La ricerca di Franco Vimercati (Milano, 1940 – 2001), che si traduce in un tentativo di spoliazione mirata al raggiungimento dell’essenza delle cose. I lavori di Sergio Scabar (Ronchi dei Legionari, Gorizia, 1946), sono tutti pezzi unici di cui la cornice è parte integrante; la stampa alchemica, in bianco e nero, manifesta la volontà di giungere alla natura dei fenomeni, nell’accezione filosofica del termine. Ognuno dei lavori esposti di Leonardo Genovese è dedicato a un diverso giorno dell’anno. Si tratta di oggetti abbandonati, ai quali l’artista da nuova vita, in una sospensione che non è solo spaziale, ma anche temporale. Le opere in mostra di Ingar Krauss (Berlino, 1965) sono quelle più vicine al filone della natura morta.
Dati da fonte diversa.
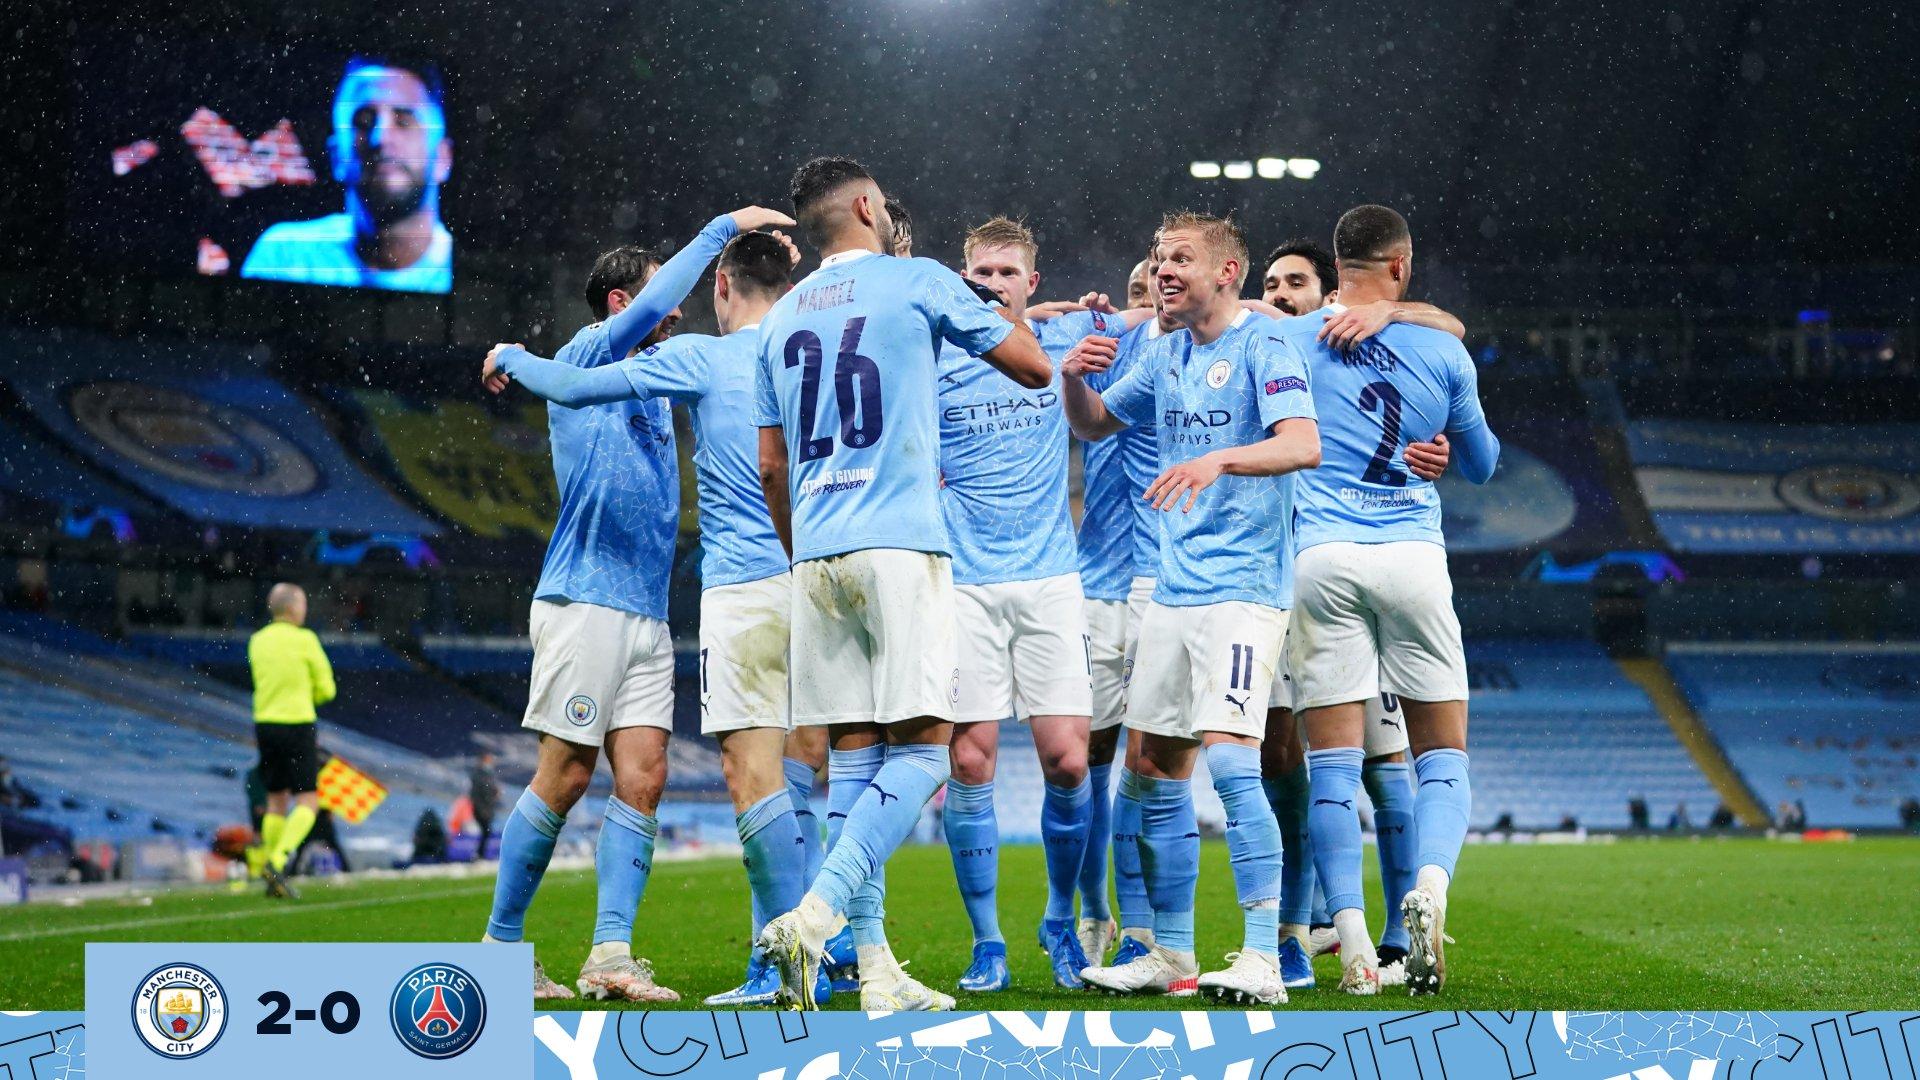 Manchester City [PHOTO CREDIT: @ChampionsLeague]

Realizzate in bianco e nero, vengono poi colorate con una vernice a olio trasparente, rendendo evidente la volontà di sistemare la natura attraverso l’arte, in cui è un richiamo alla vanitas dell’esistenza. Il tempo, nel suo scorrere inesorabile, è invece nucleo portante della ricerca di Bohnchang Koo (Seul, Corea del Sud, 1953); oggetti immersi in un’atmosfera zen in aperto contrasto con i nostri ritmi inesorabili, ai quali Koo da una valenza diversa, sottolineata dai tagli che segnano il passare del tempo, la consunzione. Gli oggetti fotografati da Massimiliano Gatti (Pavia, 1981) sono reperti rinvenuti nel corso di una ricognizione nell’Iran del Nord, indistintamente provenienti dall’antica Ninive o dalla guerra di dieci anni fa. L’appiattimento storico che ci si mostra in superficie è un errore a livello scientifico e storiografico, ma presenta sul piano artistico un innegabile fascino; si tratta di tracce della storia, come la fotografia è, linguisticamente, traccia, indice. Quelle di Laura Letinksy (Winnipeg, Canada, 1962) sono moderni memento mori di un’epoca di consumismo ideologico e fisico. Il tempo è sospeso e la luce inquadra i resti di cibo, le memorie di cene e i piatti sporchi in una dimensione teatrale e sospesa. Al contrario, nessun riferimento al reale si trova nei set di Marco Palmieri (Napoli, 1969), da lui dipinti per ospitare piccole sedie stilizzate. Questi piccoli oggetti diventano un pretesto, un’unità di misura attraverso cui indagare un ipotetico circostante.

Per dare un seguito alla collaborazione avviata nell’ambito di BOA | Bunker of Arts, Giacomo Guidi ha presentato infine Alchemy Room, un nuovo spazio espositivo ospitato in una delle sale all’interno della galleria. Alchemy realizzerà un allestimento di opere a parete e installazioni inedite, realizzate da Dionea, a cura di Giacomo Guidi.